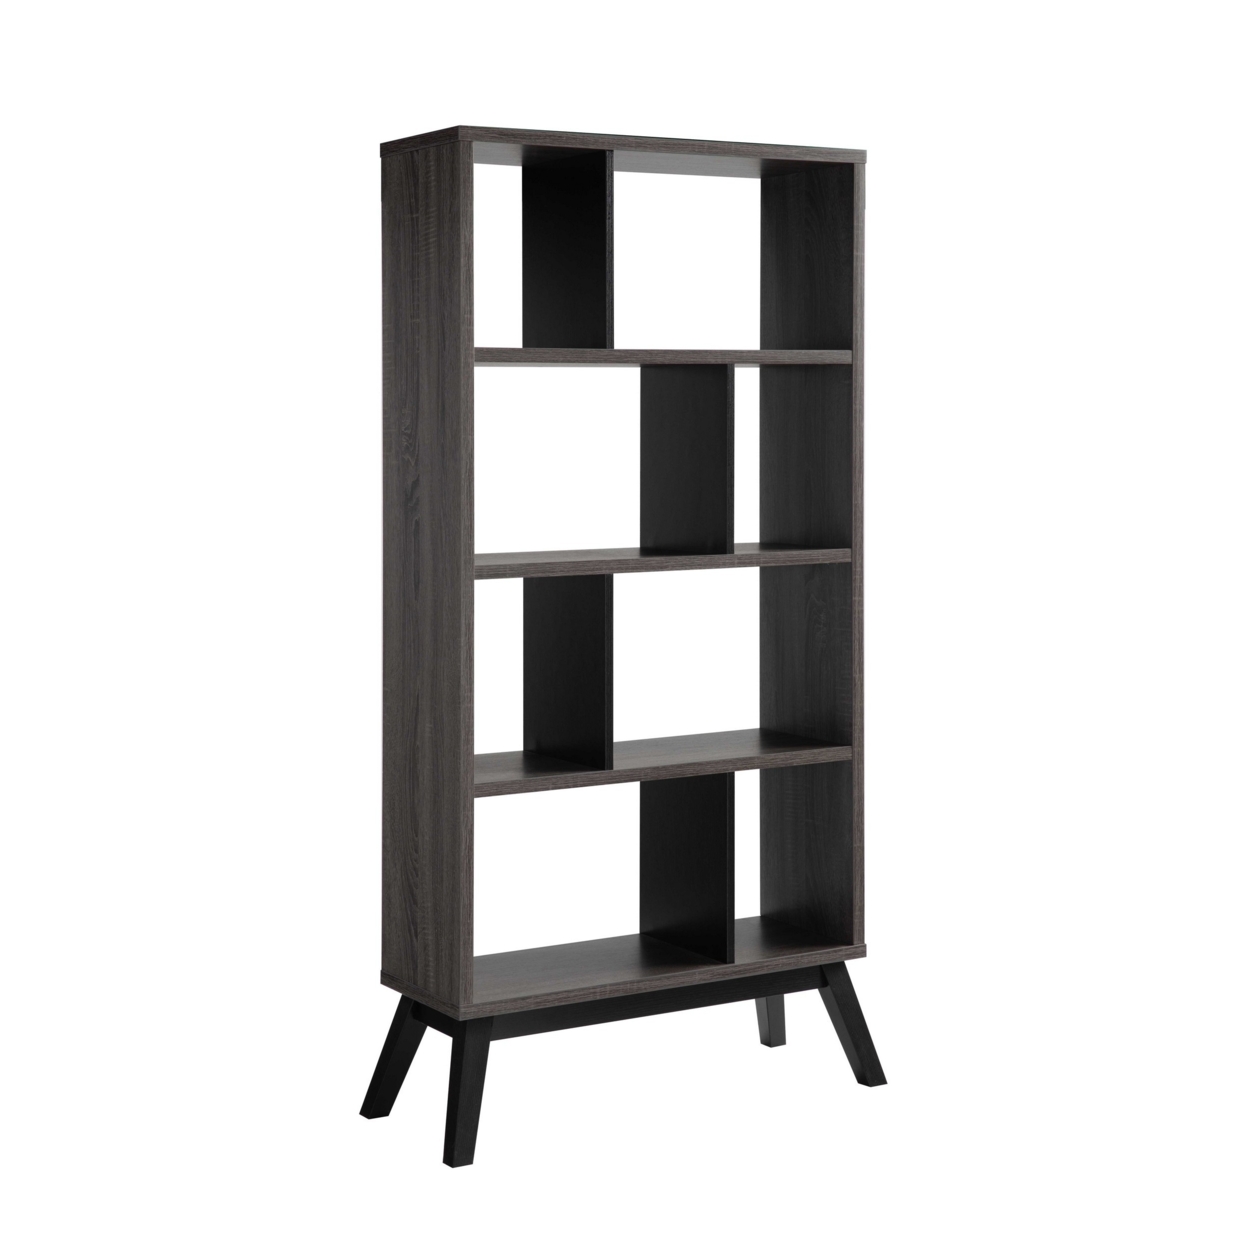 65 Inch Modern Bookcase, Four Shelves With Dividers, Flared Legs, Gray- Saltoro Sherpi
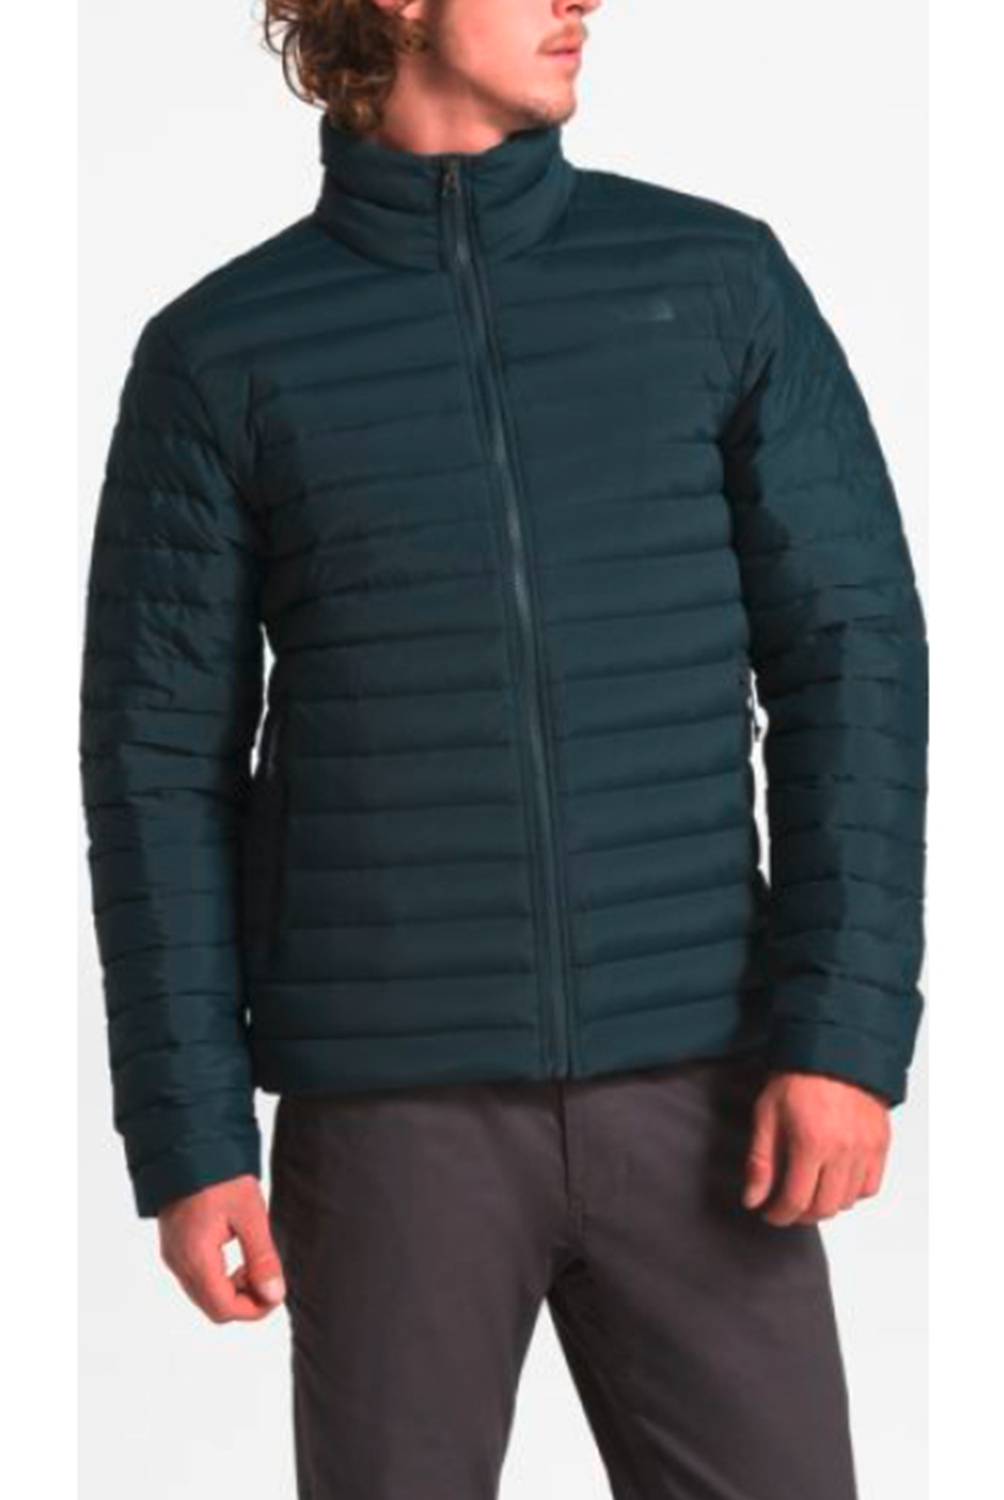 THE NORTH FACE - Parka Deportiva Stretch Down Hombre
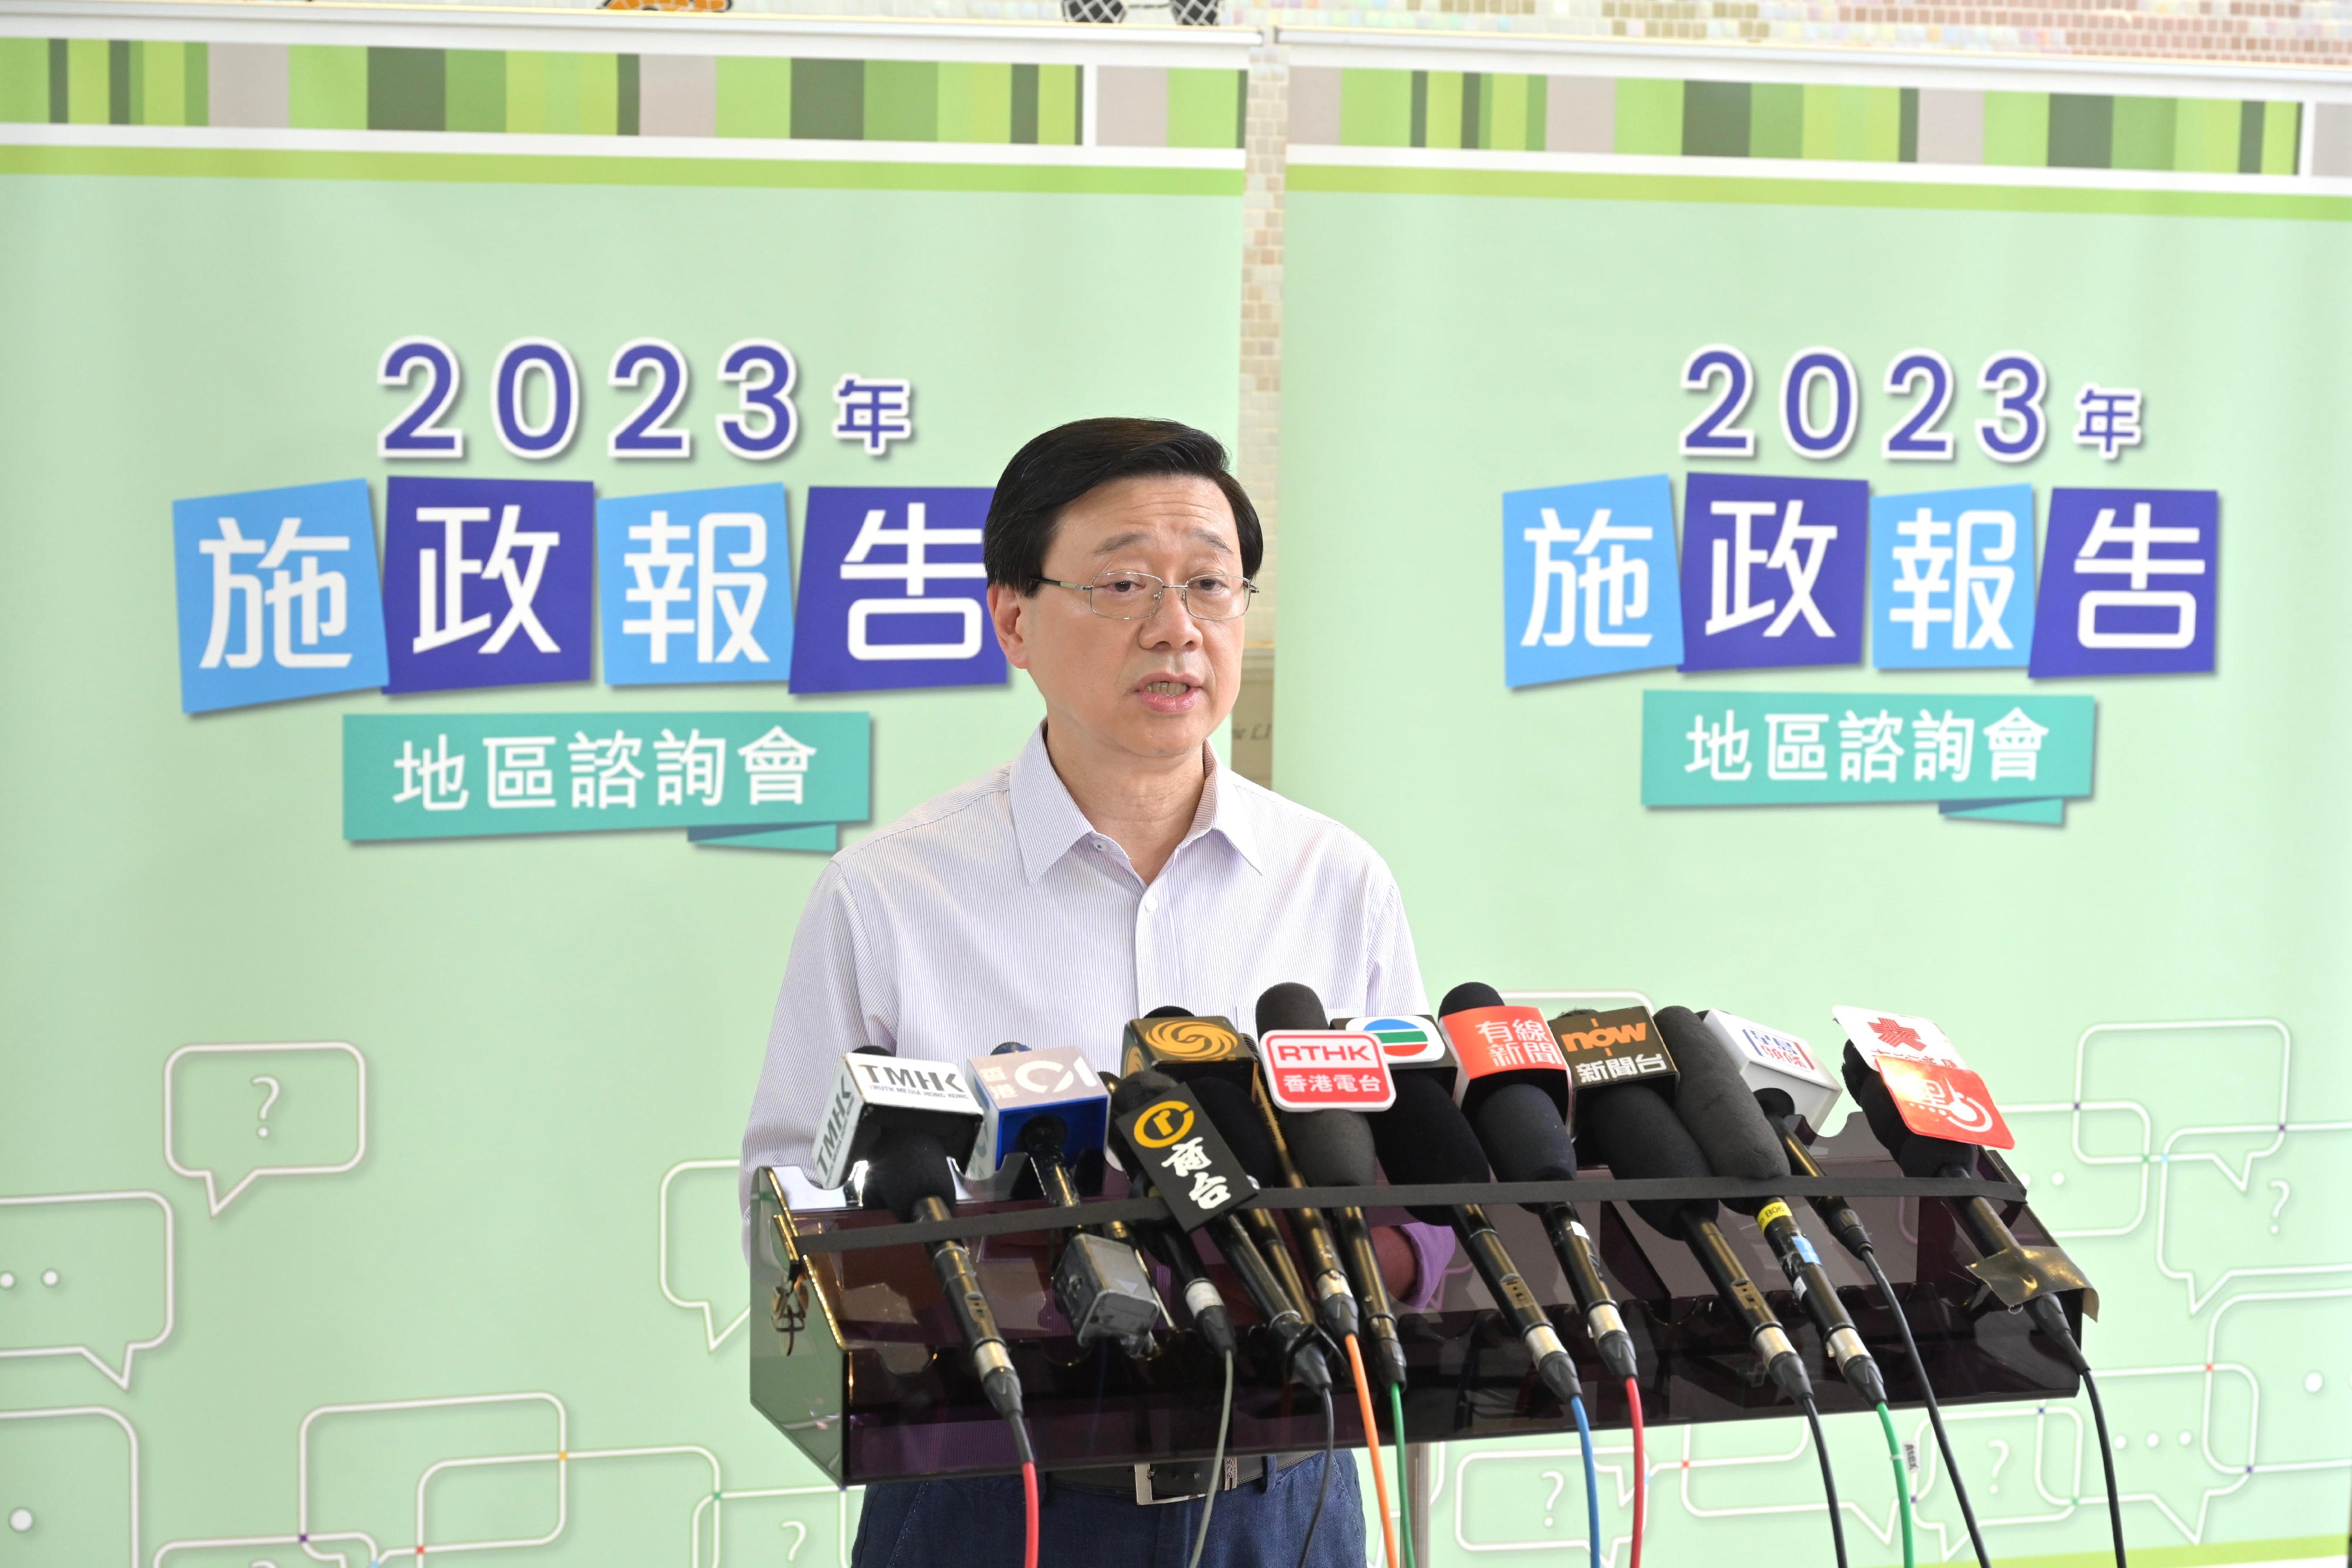 The Chief Executive, Mr John Lee, attended the second 2023 Policy Address District Forum with Principal Officials this morning (August 27) to listen to views and suggestions of local community members on the upcoming Policy Address. Photo shows Mr Lee meeting the media after the District Forum.
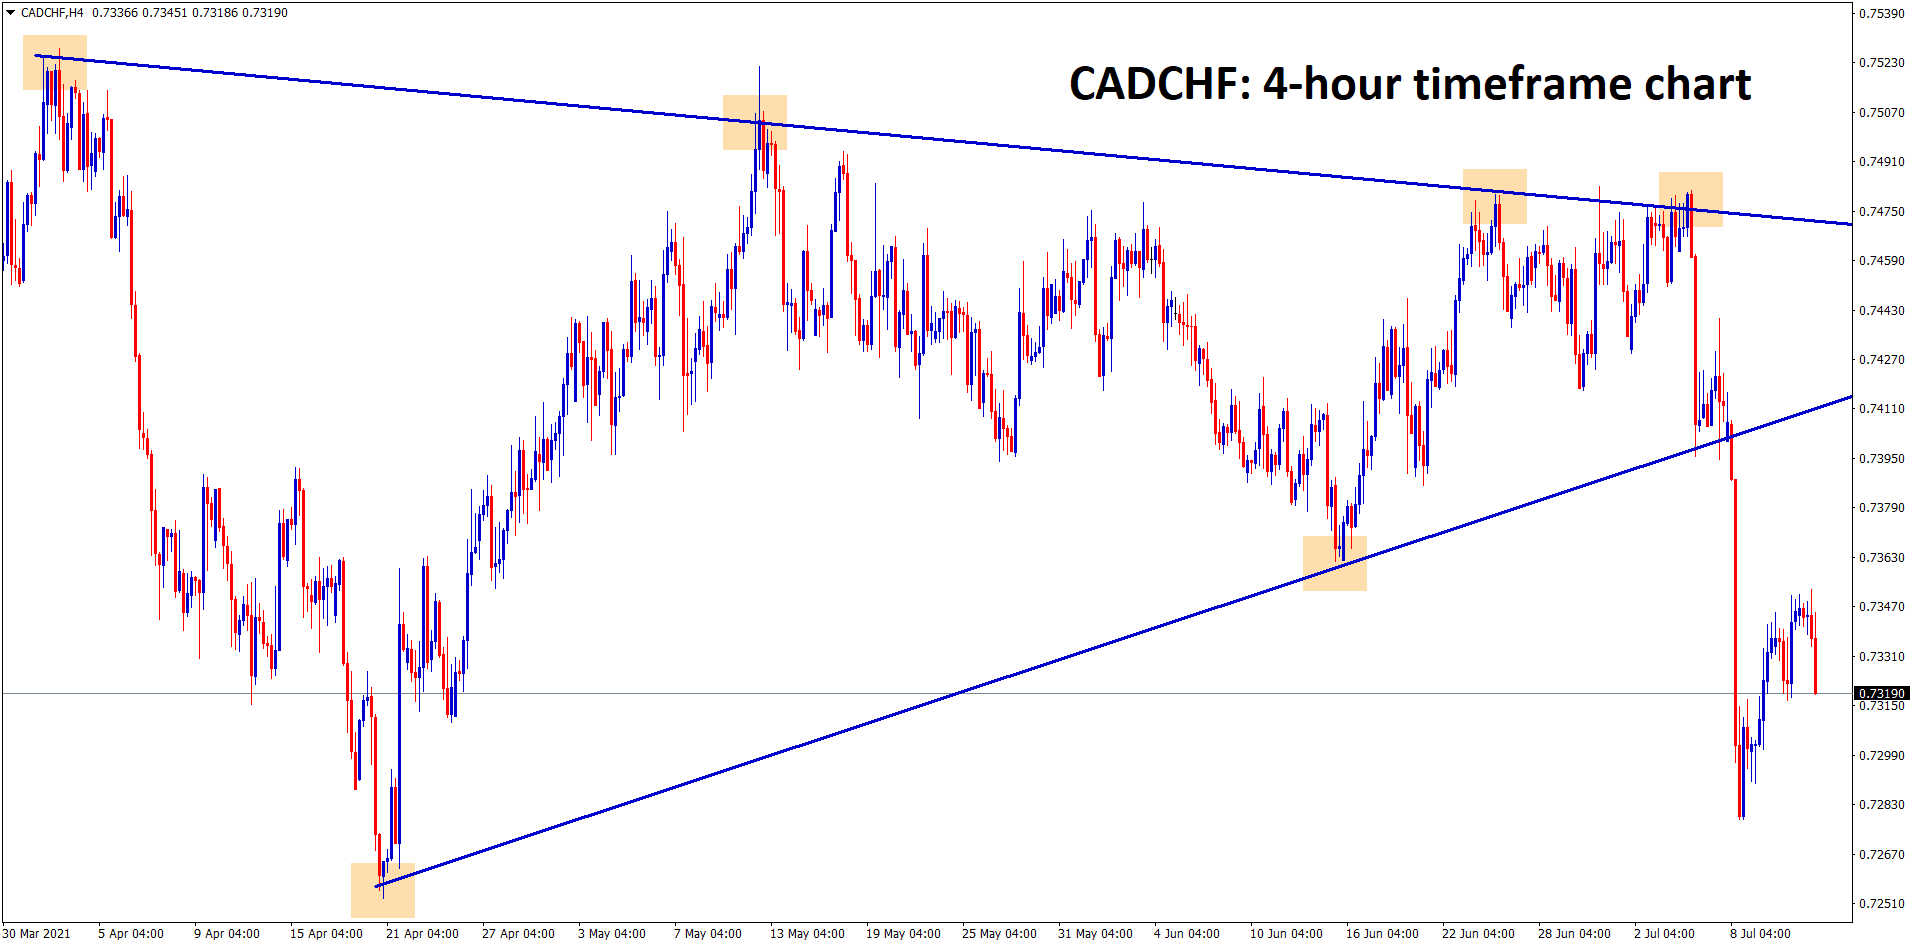 CADCHF has broken the bottom of the symmetrical triangle pattern and its trying to continue the fall.

--

* ACTIVITY: Would you please set down the data above again exactly, without its pictures?

* RESPONSE TO THE EXERCISE:
 65 Inch Modern Bookcase, Four Shelves With Dividers, Flared Legs, Gray- Saltoro Sherpi
 THE NORTH FACE - Parka Deportiva Stretch Down Hombre
 The Chief Executive, Mr John Lee, attended the second 2023 Policy Address District Forum with Principal Officials this morning (August 27) to listen to views and suggestions of local community members on the upcoming Policy Address. Photo shows Mr Lee meeting the media after the District Forum.
 CADCHF has broken the bottom of the symmetrical triangle pattern and its trying to continue the fall.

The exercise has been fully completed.